Леня не впервые получал такую оценку в колледже, однако, по патологии в первый раз. Он поблагодарил учительницу, но напоследок она предупредила:
— Не зазнавайся, Леня, это только одна работа. Посмотрим, как ты справишься на экзамене.
Леню это заботило в последнюю очередь. Его интересовало, что будет в конце апреля, когда он пойдет на стрелку. Мысли о надвигающейся стычке прервала Герда, которая позвала Леню на прогулку вечером.
Женя встретился с Пелагеей после практики, она не ходила на зачет. Нужно было признаться, Костя дело говорит.
Пелагея предлагала зайти в пекарню, посидеть там, поесть.
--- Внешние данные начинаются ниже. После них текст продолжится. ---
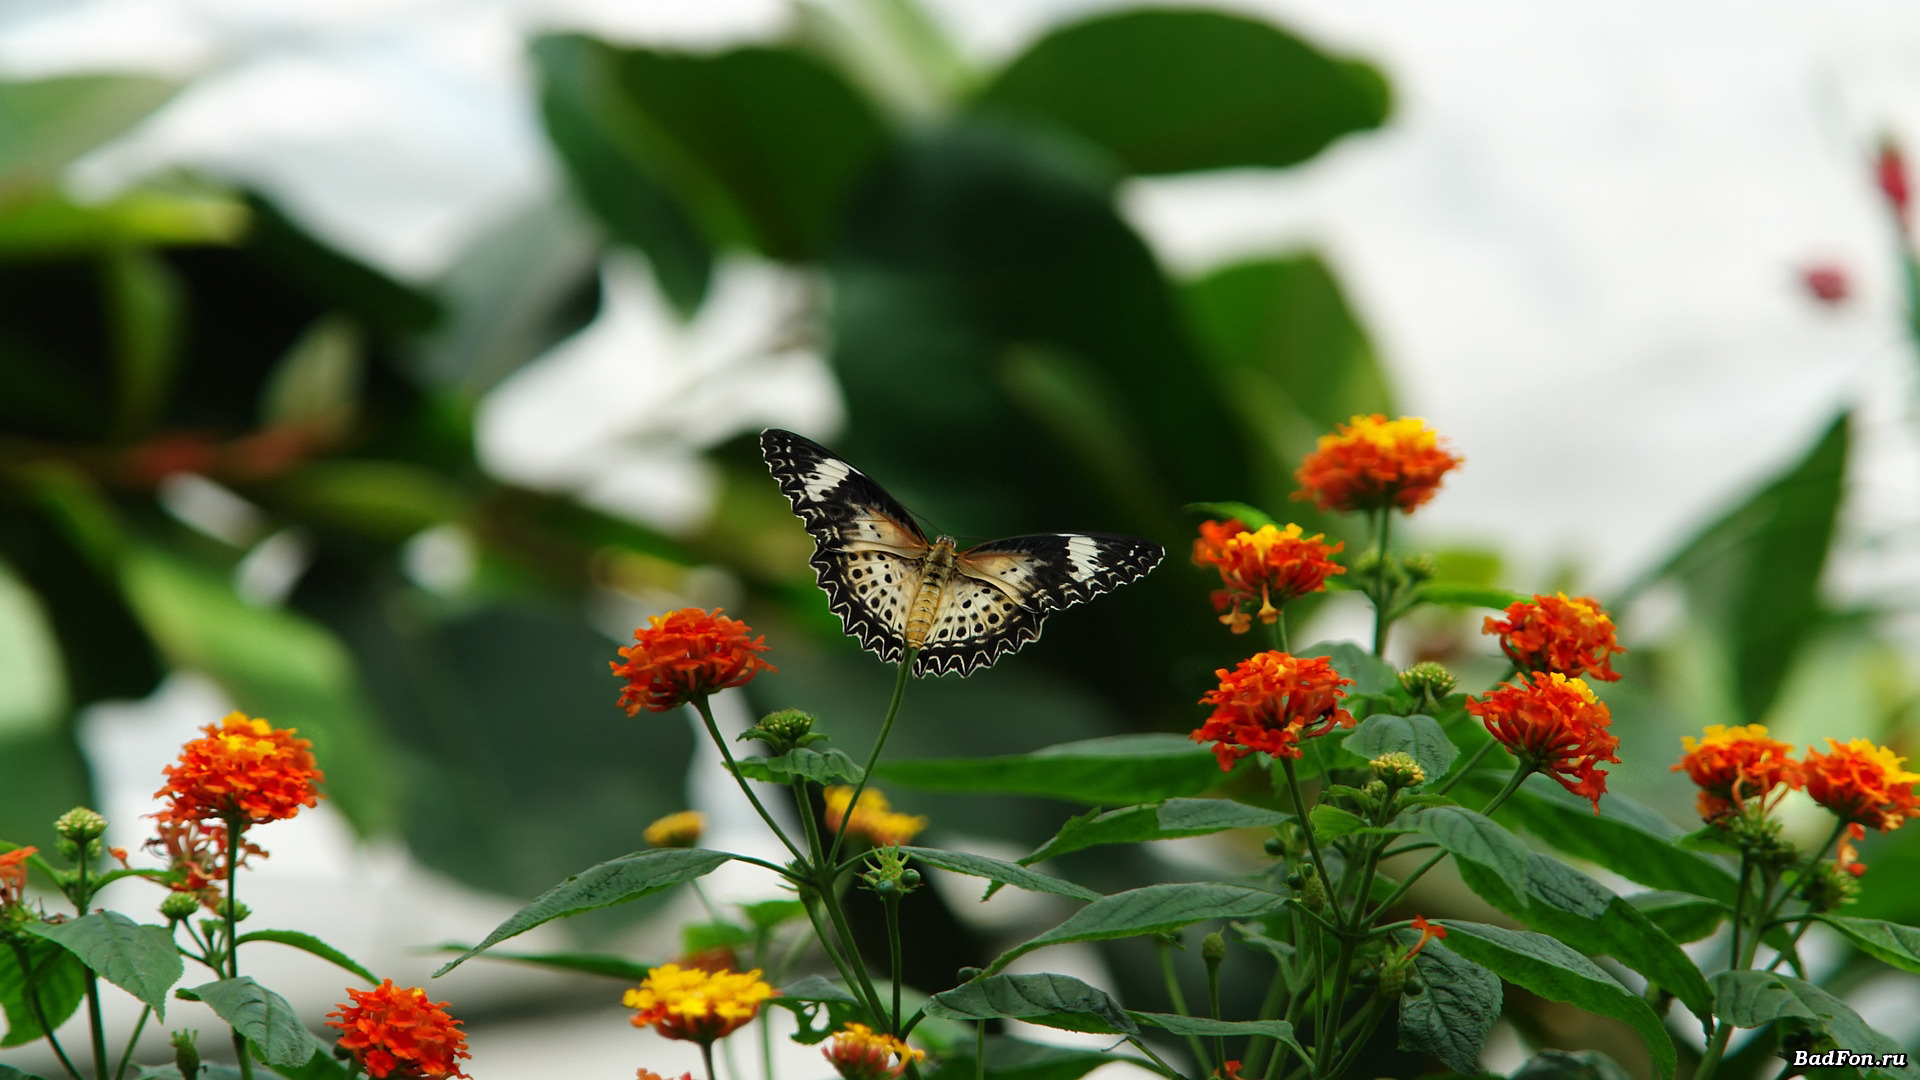 butterfly HD Wallpaper | Background Image | 1920x1080 | ID ...

Но Жене не хотелось есть, одна мысль о еде вызывала отвращение. Ему надо признаваться, что врал в тот день, а не уплетать еду за обе щеки.
Он смотрел на Пелагею, не мог найти сил для признания. А что, если Костя не прав? Что если Пелагея все равно его бросит? Соврал в этот раз, почему не сможет во второй, когда, например, посмотрит на какую-нибудь девчонку в топике на набережной? Глянет, а соврет. Так считал Женя, думая о Пелагее, будто знал ее хорошо, что мог читать ее мысли.
Они шли по мосту на залив. Клаксоны шумят, двигатели ревут, колеса жгут резину. В голове путаница. Больше всего Женя боялся, что после признания Пелагея попробует сбросить его с моста. Разумеется, он навязывал все это, тем самым говорил себе, что он не должен признаваться. Придет время, и Пелагея сама узнает, когда Женя придет в шарагу со ссадинами и синяками на лице.
Женя уперся о парапет. Надо, нужно. Обязательно, если он ее любит.
— Все хорошо? — спросила Пелагея. — Снова нога?
— Нет, все нормально, — ответил Женя. — Просто сердце немного щемит, дышать больно.
— Задержи дыхание — пройдет. У меня самой такое иногда случается, когда я волнуюсь, например.
Задержал дыхание на пятнадцать секунд — помогло. Женя и Пелагея спустились по склону, пошли вдоль дороги, пока не оказались рядом с Дворцом детского творчества. Женя заметил поле, где вскоре произойдет стрелка.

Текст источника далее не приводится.